ΦcrAss001 virion structure and functional assignments. a, b Electron micrographs of virions recorded using negative staining (a; n = 16 micrographs) and under cryogenic conditions (b; n = 44,006 micrographs). Scale bars, 100 nm. c, Molecular surface of a virion reconstruction viewed from the outside (left) and z-section (right), stained with a gene product. DNA (grey) is depicted on the z-cut image as either an outer layer lining the capsid wall (top left) or cut (right), or removed (lower left). Atypical regions are shown as a map, low lane filtered to 8 Å (fragments of head fiber proteins and DNA) and 16 Å (tail fibers, semi-transparent grey). AUX, auxiliary capsid protein; C1 and C2, cargo proteins; MUZ, gag protein; POR, gate protein; PVA, auxiliary portal capsid protein; R1–R4, ring proteins; THA and THB, tail axis proteins. The numbers in parentheses indicate the copy number of the protein in the virion. d, Top, genome region of ΦcrAss001 (accession: NC_049977.1) 11643–68717 Open reading frames shown as colored arrows corresponding to gene products (gp) in c, scaled according to gene length. Lower part, gene preservation, where the length of each bar represents the fragment of each group of viruses crassvirales in the order Crassvirales containing detectable homologue, colored corresponding to c. Names on the left indicate virus families (Intestiviridae, Crevaviridae, Steigviridae, Suoliviridae) and groups (zeta and epsilon) with individuals from non-human gut environments represented by ProJPt-BP1 (termite gut), Fpv3 (fish farm) and 14:2 , 17:2 and 13:2 (marine environments). credit: nature (2023). DOI: 10.1038/s41586-023-06019-2

Researchers at APC Microbiome Ireland (APC) have collaborated with scientists at the University of York to complete the first-ever structural atlas of crassvirales (also referred to as crassvirales, phage, phage-like) – the most abundant group of viruses in the world. human gut, which can play an important role in shaping the gut microbiome, and influencing health and disease.

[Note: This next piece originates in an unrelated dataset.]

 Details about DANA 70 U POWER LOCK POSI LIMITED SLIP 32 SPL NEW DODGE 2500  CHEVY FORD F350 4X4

For the first time, scientists have grown cruciferous virus in the lab and developed a detailed, atomic-level structure of a gut virus. These gut viruses are thought to play a role in shaping the composition and function of the human microbiome. The ability to grow them in the laboratory, together with this newly generated structural atlas, will facilitate the research needed to investigate their roles in microbiome functions and human health. The study has been published in the journal nature.

Key achievements include identifying the presence of several cargo proteins carried by the virus, including finding a protein that occupies both the head and tail of the virus. This discovery allows the team to predict a mechanism for how the virus will inject its DNA into its bacterial target.

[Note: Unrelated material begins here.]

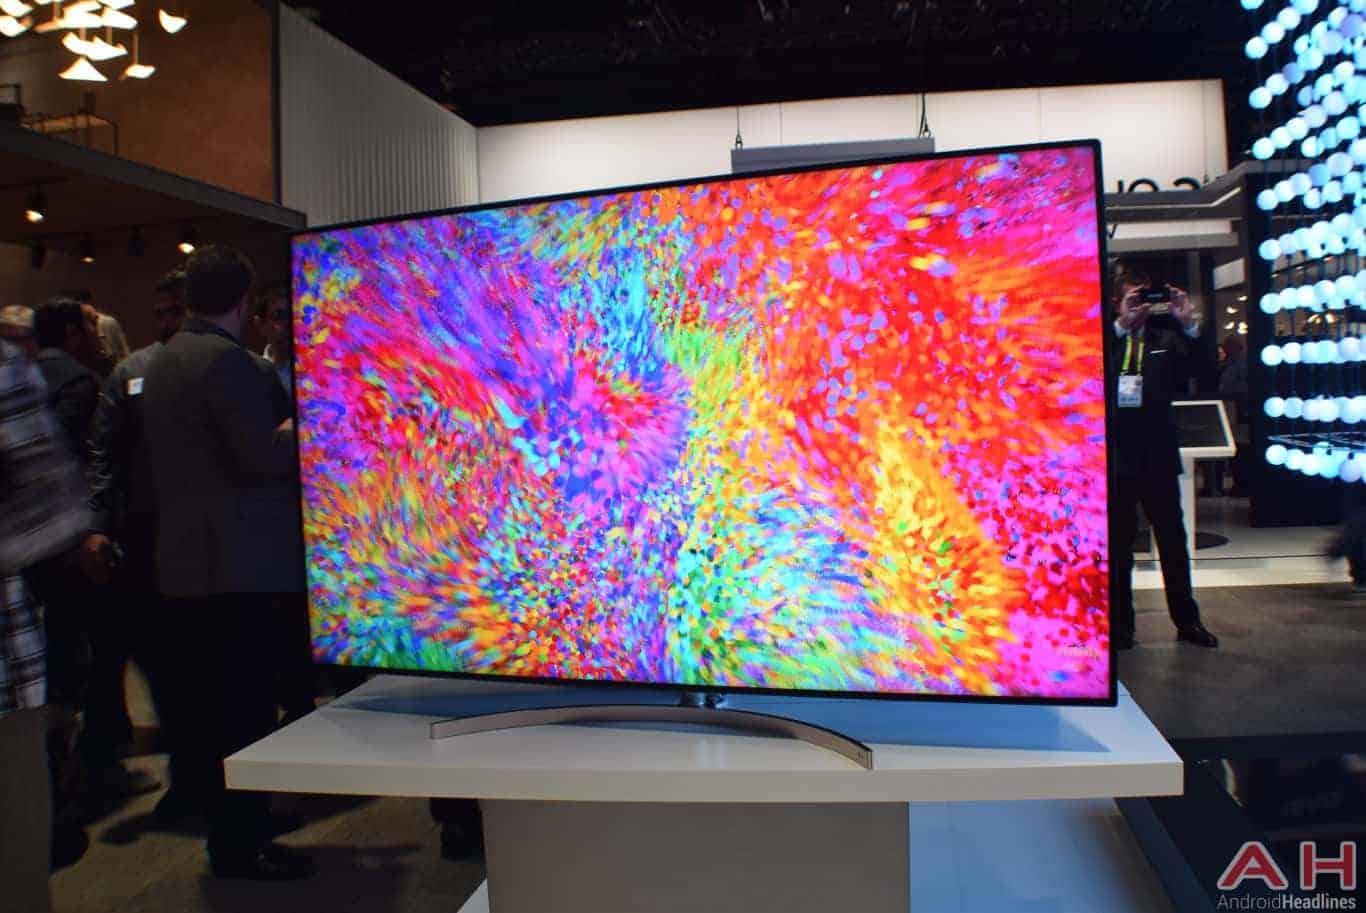 LG Nano Cell TV CES 2018 AH 1

A new protein fold has also been identified that acts as a ‘gatekeeper’ – controlling what gets transported in and out of viral particles. In addition, the team is now able to assign functions to viral genes that have so far been classified as hypothetical.

Professor Colin Hill, co-lead author of the study and founding principal investigator at APC, said, “These viruses are probably the most abundant biological entities associated with humans, yet we only found out about them less than a decade ago, so this is all a very beautiful and exciting novel.” .

“Growing the virus is a major research milestone and breakthrough. Essentially, you have to be able to grow it to identify it, and once we developed the ability to grow the virus here at APC, we were able to reach out to colleagues in York to help study it in all its fascinating detail. The final structure is beautiful. Truly and a fitting reward for years of meticulous work at both APC and York”, stated Professor Colin Hill.

“This study underscores why it is still important to make the necessary effort to study viruses in the lab. We can learn a lot from DNA sequencing and computational biology, but you really need to grow a virus in the lab to fully understand it and to inform future experiments,” added Andre N. Shkoborov, study co-principal investigator at APC.

Researchers at APC have been studying gut viromes for more than a decade and have contributed greatly to the knowledge of so many viruses. The alimentary canal found in the digestive system varies across human cultures, lifestyles, and locations. Professor Shkoborov plans to continue studying enteroviruses, including the possible role of bacterial viruses in the spread of antibiotic resistance.

Initially, researchers only knew of the existence of the crassvirus by analyzing DNA sequences taken from gut samples, but a major breakthrough was made in 2018 when a team of scientists including Andrey Shkoporov, Professor Colin Hill, Ekaterina Khokhlova and others at APC Microbiome Ireland grew And the School of Microbiology at UCC is a member of the crass virus for the first time. This enabled the research team to collaborate with Professor Fred Antson and Dr Oliver Bayfield at the University of York to further investigate the virus using cryo-EM (cryo-electron microscopy) to comprehensively map the 1,440 proteins that make up the viral particle.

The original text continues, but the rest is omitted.